Thursday, November 3, 2016
Dennis Nolan and Rick Bales have just published the new edition of their book, Labor and Employment Arbitration in a Nutshell (West, 3d ed.). The publisher's description:
Labor and employment arbitration law simplified. Authoritative coverage provides a description of the origin, development, and practice of labor and employment arbitration. Text focuses on the fundamentals of the labor and employment arbitration process and explores the major arbitration law issues, their importance, and the conflicting opinions on them.
A must have if your studying or working in this area.
The Washington Post has posted 20 photos from Lewis Hine, documenting child laborers from the early 1900s. There are some really moving pictures in the collection and all of them show young children who are doing extremely hard work. Definitely worth a look.
Of course, child labor is not unheard of even today.

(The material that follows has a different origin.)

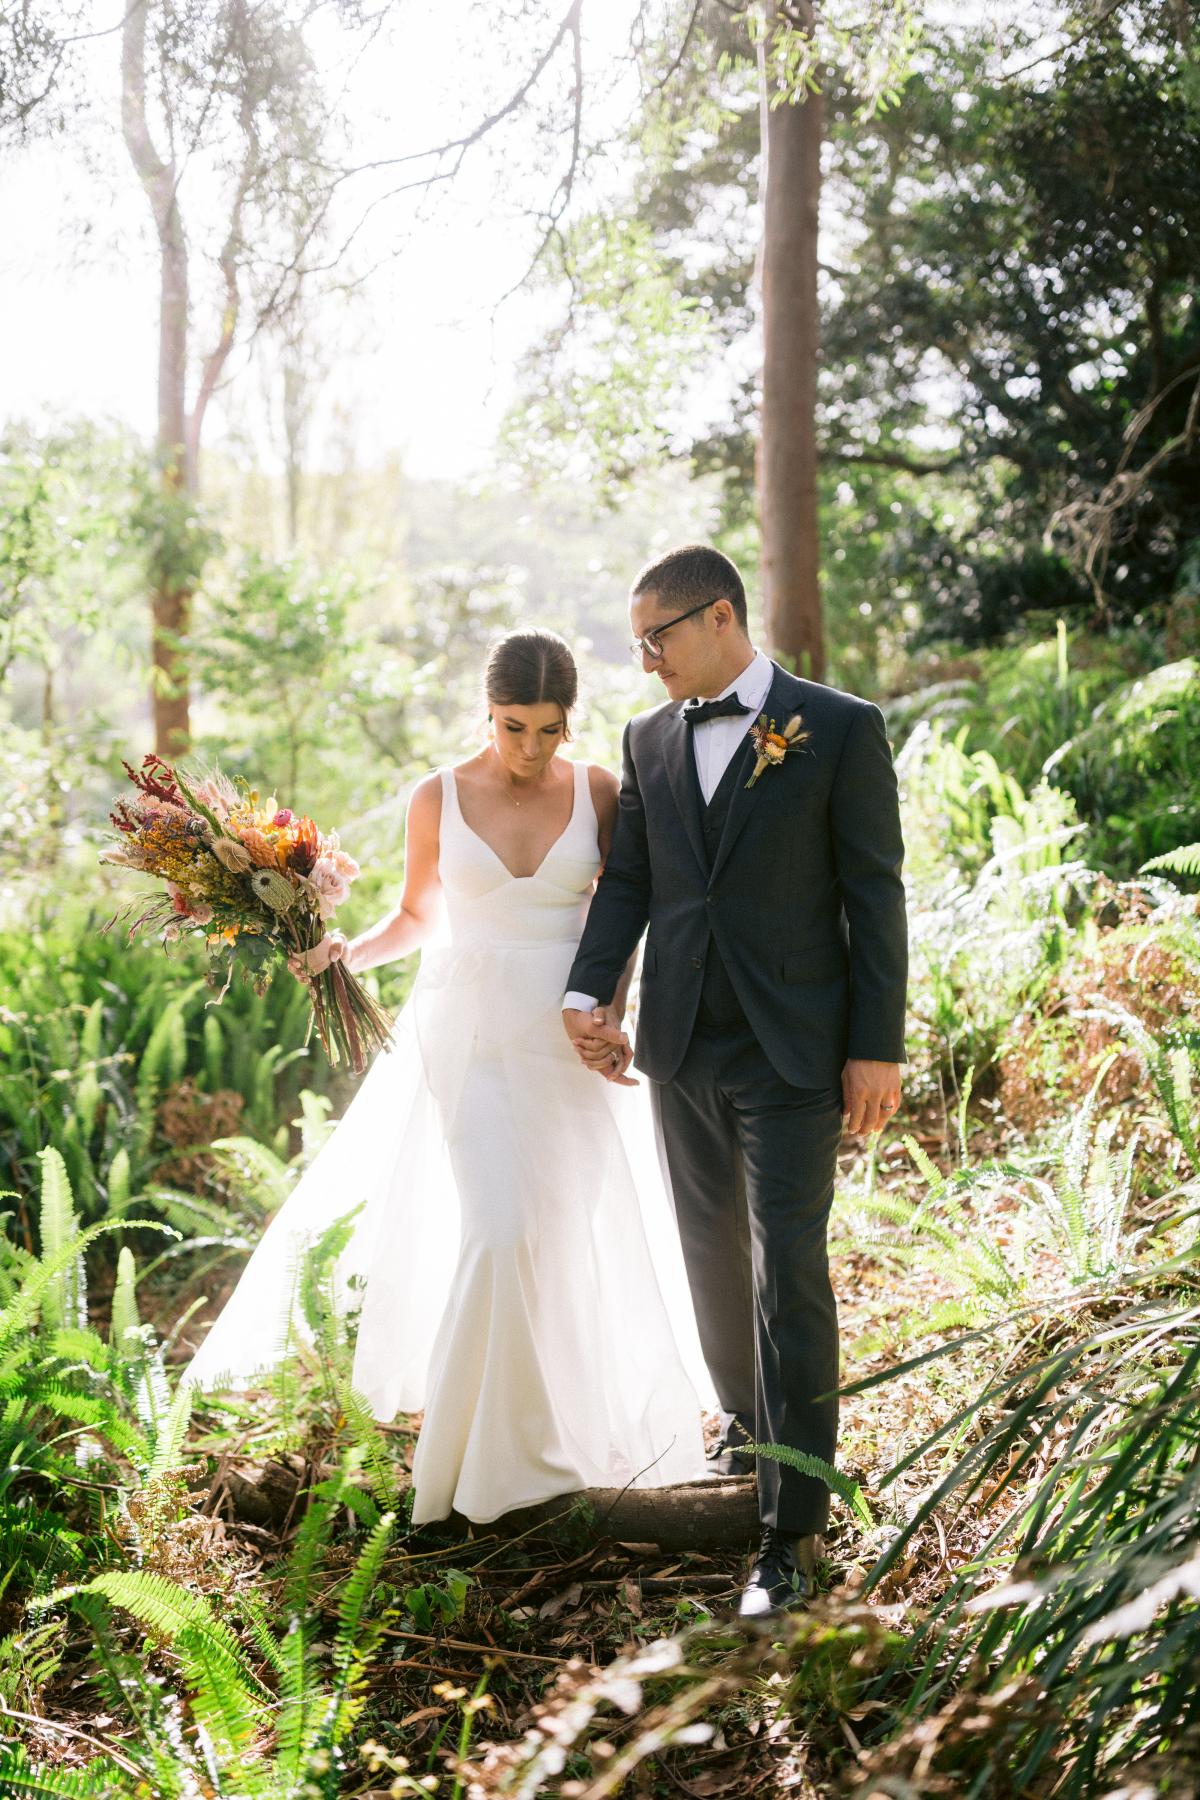 KWH real bride Annalese wears her Aisha gown with see through aline skirt in the woods with her new husband.

Wednesday, November 2, 2016
If you have students writing on issues connected with disability and the law, please share with them this announcement (you can even post this flyer Download TJSL-CraneWritingCompetition-2017-d2) from our friend Susan Bisom-Rapp (Thomas Jefferson):
Thomas Jefferson School of law is pleased to announce the third Jameson Crane III Disability and the Law Writing Competition. Made possible by the generous gift of Thomas Jefferson School of Law alumnus Jameson Crane III, the Crane Writing Competition seeks to encourage outstanding student scholarship at the intersection of law and medicine, or law and the social sciences. The competition promotes an understanding of these topics, furthers the development of legal rights and protections, and improves the lives of those with disabilities.

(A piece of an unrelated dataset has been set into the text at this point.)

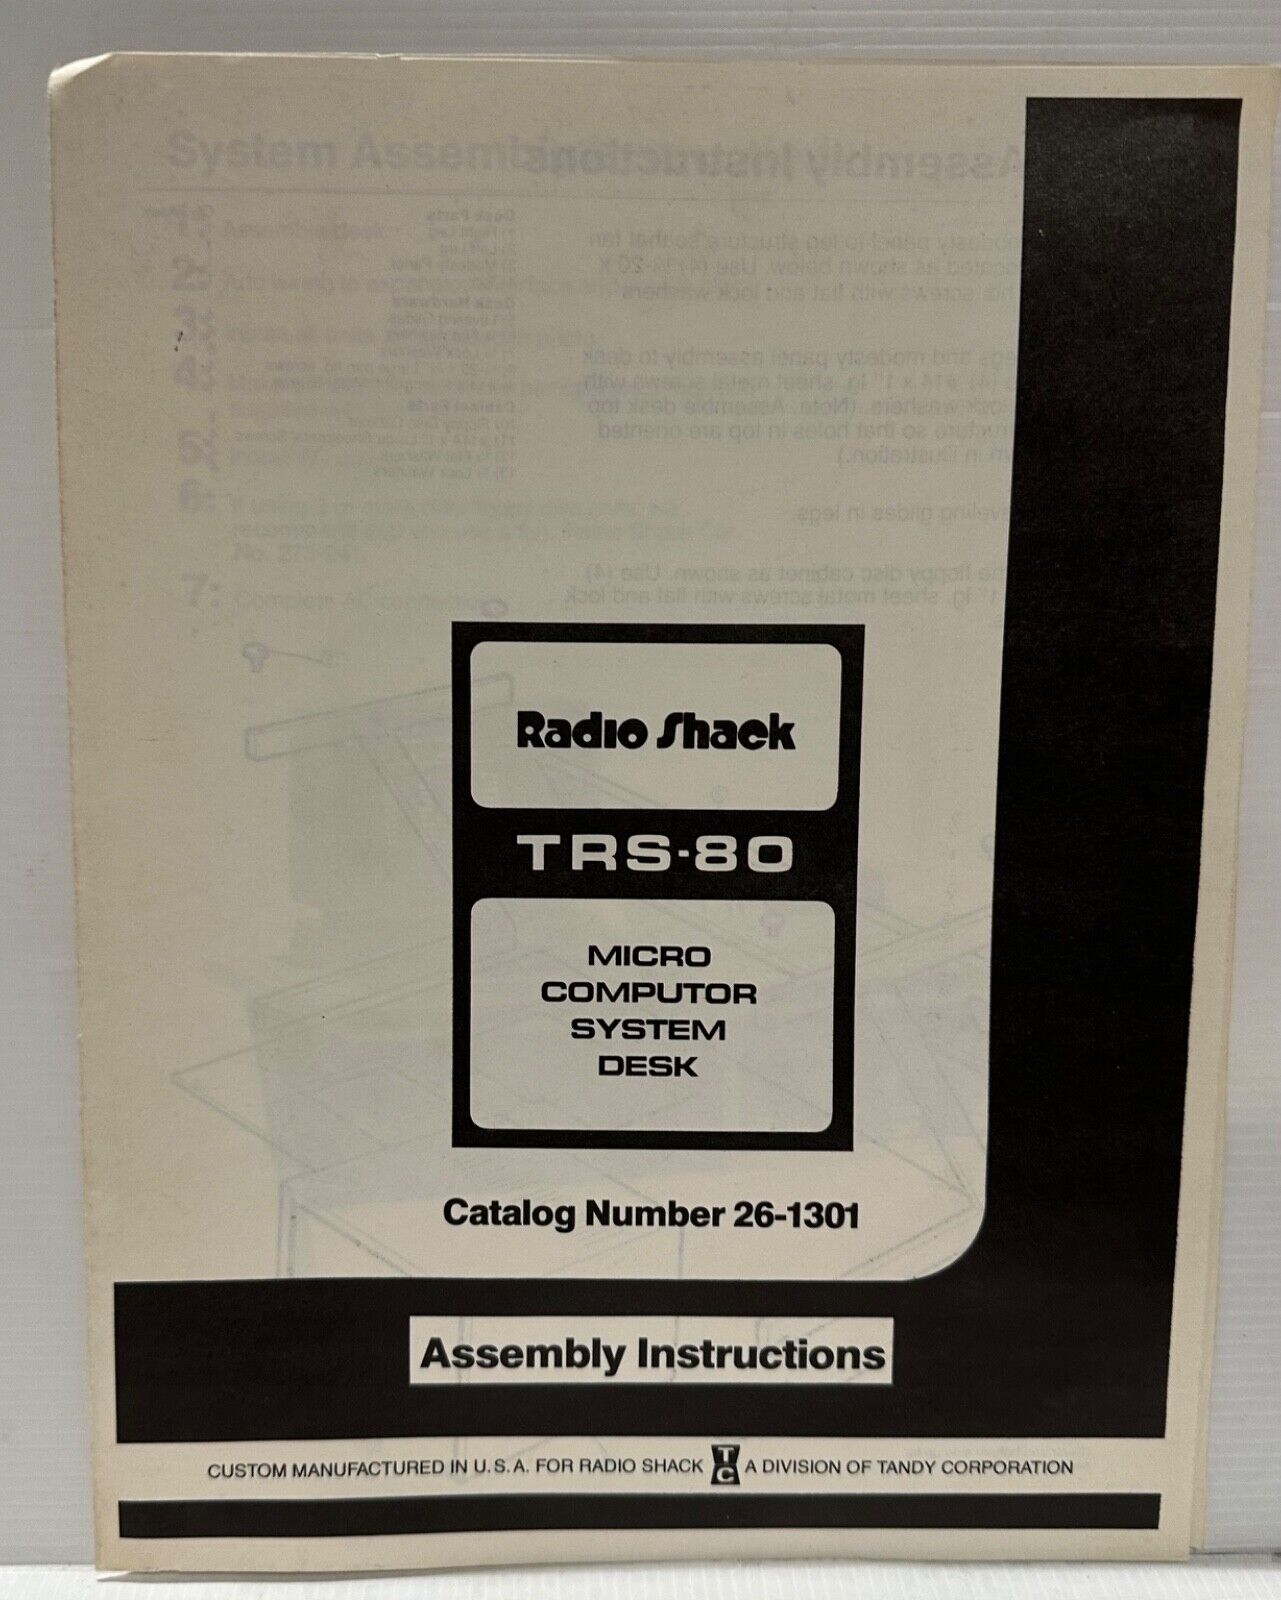 Radio Shack TRS-80 Micro Computer System Desk Assembly Instructions 26-1301

The competition is open to currently enrolled law students, medical students, and doctoral candidates in related fields who attend an accredited graduate program of study in the United States. Submitted papers may be on any topic relating to disability law, including legal issues arising with respect to employment, government services and programs, public accommodations, education, higher education, housing, and health care.

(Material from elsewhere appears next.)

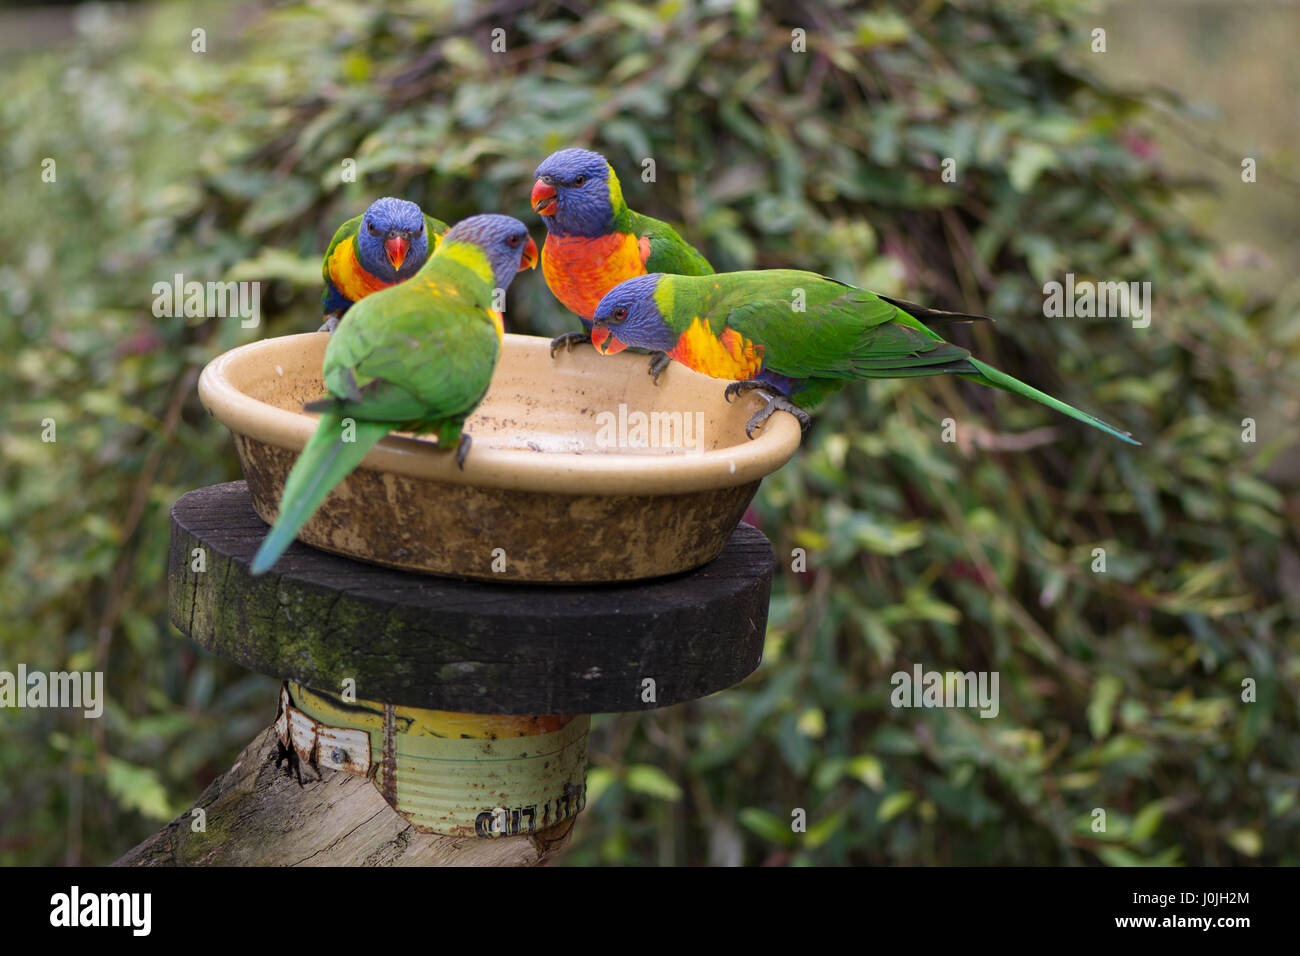 Four wild rainbow lorikeets (Trichoglossus moluccanus) at a feeder, a native Australian parrot, taken in South Australia. Shallow depth used with focu Stock Photo

Submissions will be judged anonymously by an independent panel of experts. The winner of the competition will receive a $1,500 cash prize and the Thomas Jefferson Law Review (TJLR) will consider the paper for publication under the TJLR’s editorial standards. Two second place winners will each receive a $1,000 cash prize. Preference for these additional winners will be given to submissions from disciplines not represented by the grand prize winner.
All submissions must be submitted electronically to: firstname.lastname@example.org. All entries must be received by midnight, Pacific Standard Time, January 15, 2017. Winning submissions will be announced by April 15, 2017.
For further details, please consult the competition webpage: http://www.tjsl.edu/cranewritingcompetition. Please distribute this information broadly so that we may reach as many eligible students as possible. Questions may be directed to Associate Dean and Professor Susan Bisom-Rapp, who will be coordinating the competition:email@example.com.
FBI Director James Comey's decision to send a letter to Congress notifying it that he had been informed that emails that might be relevant to the investigation into Hillary Clinton's use of a private server while Secretary of State had been discovered in an unrelated investigation invoked a firestorm. Renewed (and overblown given the content of the letter and the source of the emails) charges of wrongdoing came from Republican candidates. Democrats pitched the issue as a partisan act, and suggestions by people from both parties have been made that Comey's actions may have broken the law or internal agency policies.
So what does this have to do with the workplace, you might ask? Terry Smith (DePaul) has a piece at Huffington Post looking at Comey's actions through an employment lens to explain How Every American Knows what Comey Did Was Wrong. It's a great piece on the unfairness connected with vague negative statements and their effects on hiring decisions that I think many of us can relate to.